# NEW DESKTOP.. pretty pic..



## Redfoot NERD (Mar 27, 2010)

I expected something to jump out of there and grab my face ---







NERD

*anyone like the hi-res pic just email me*

In fact I may post a few more pics from there if anyone would like to see them ---- http://www.cypressgardens.info/index.html


----------



## Yvonne G (Mar 27, 2010)

I've always been fascinated by water gardens and the creatures who live there. I have a bath tub sunk down into the ground that was supposed to be a water lily pond, but I "planted" it in the shade and the lilies won't grow. I used to take my flashlight out at night and shine it into the water so I could see the critters in there. I've found dragon fly nymphs, polywogs, an errant toad (which I quickly rescued) and of course, the gold fish.


----------



## terryo (Mar 27, 2010)

Very nice Terry...I have so many myself every summer.......but I have to enjoy it now because I'm getting rid of my big pond this Spring and making a big Boxie enclosure with a pond and stream....can't wait to start.
You're the one who taught me how to take pictures....remember?


----------



## webskipper (Mar 27, 2010)

I miss my turtle pond (up north). The upper ponds were occupied with lilies,pygmy cattails, variegated cattails, corkscrews, parrots feathers etc to help deal with the waste of the young Snappers. Goldfish thrived.
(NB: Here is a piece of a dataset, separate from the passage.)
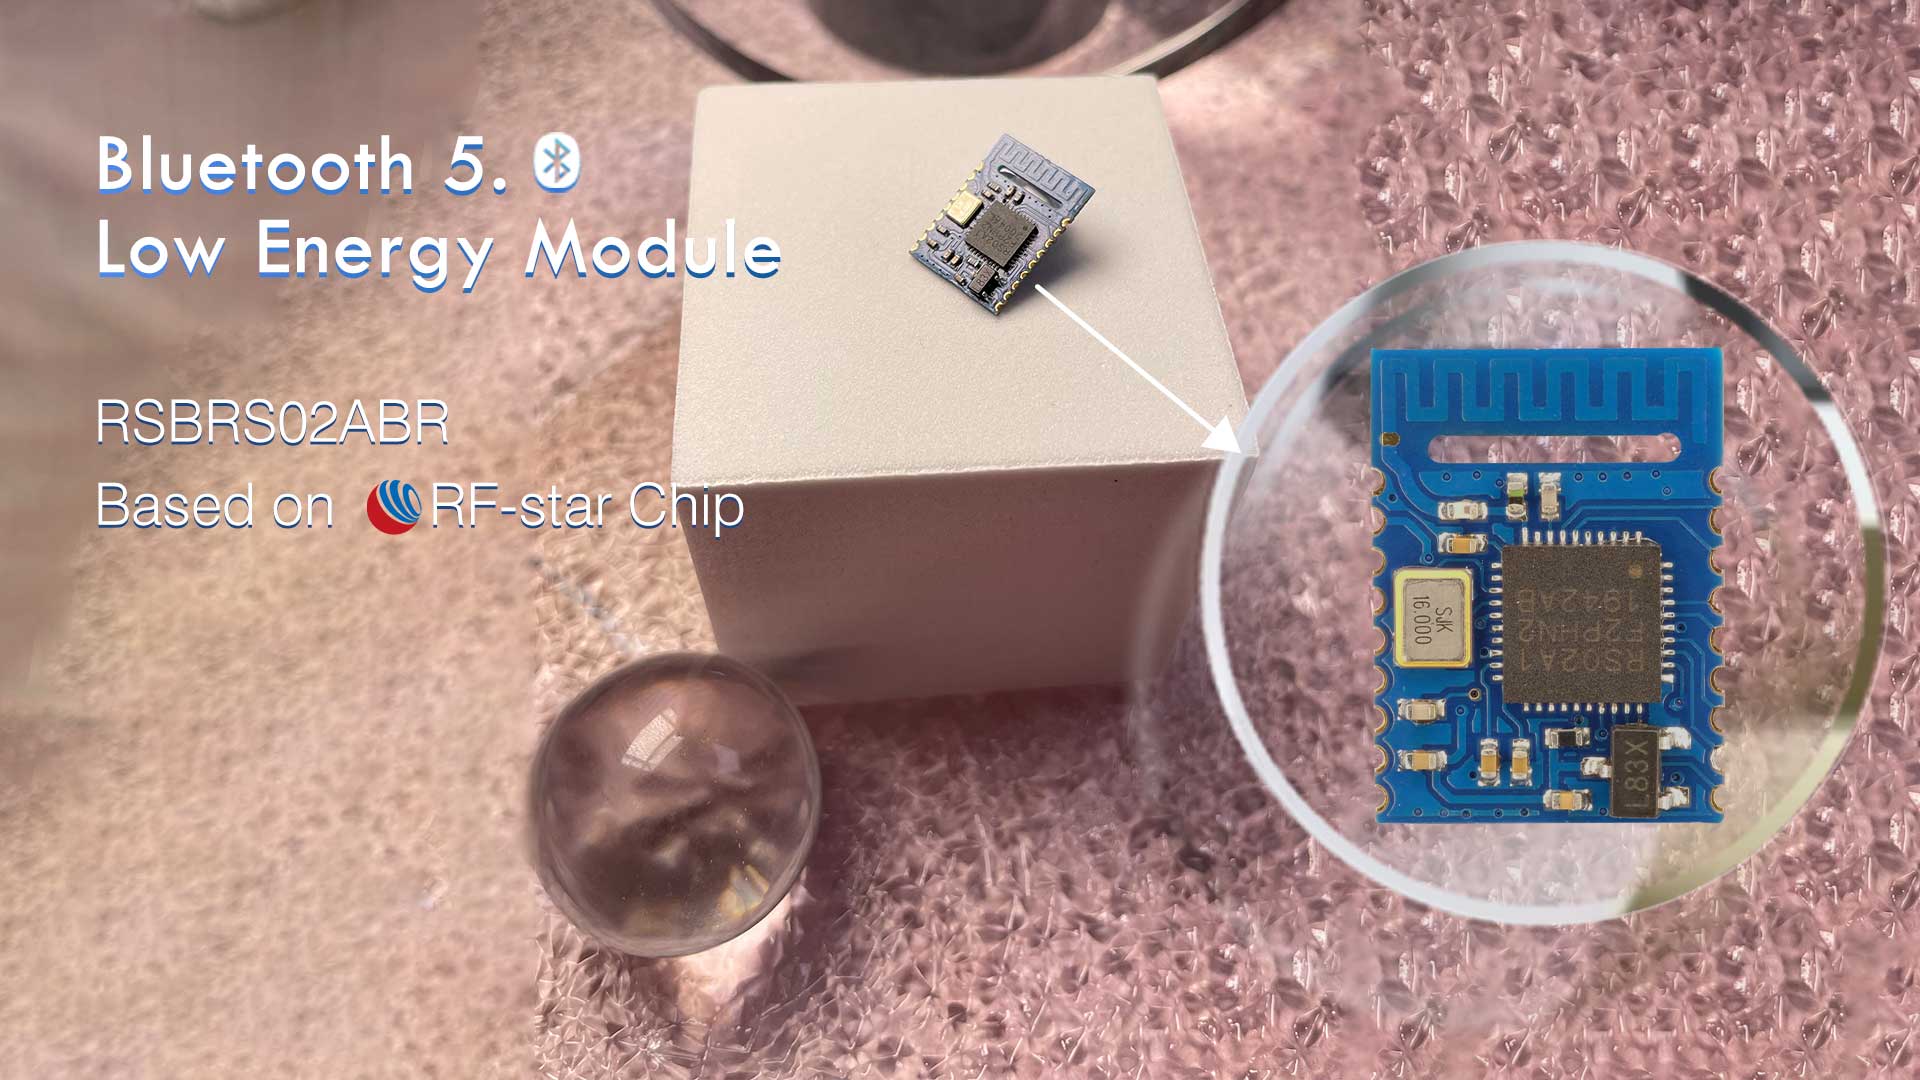 Modulo Bluetooth 5.0 a basso consumo RSBRS02ABR Basato su chip RF-star

It was my huge aquarium outdoors. Each pond spilled over with a waterfall into the one below it. I'll try it again here in AZ.


----------



## Redfoot NERD (Mar 27, 2010)

You're the one who taught me how to take pictures....remember? And it has paid off.. great 'back-yard' stuff! 

These are in the wild/at Cypress Gardens...

The "Butterfly House" -











"Walking trails" -
















We "rowed" right out among them in a 'flat-bottom boat'.. more like just drifted along for a couple hours!

..... more later.

Terry K


----------



## Stephanie Logan (Mar 28, 2010)

My, my...it's hard to find the words...it certainly makes one contemplate her place in the big wide world...such a gift.


----------



## terryo (Mar 28, 2010)

I don't know why, but that picture is so beautiful that it gives me an eerie feeling....quiet and serene, but frightening at the same time.


----------



## Redfoot NERD (Mar 28, 2010)

I think we'll go back this spring.............


----------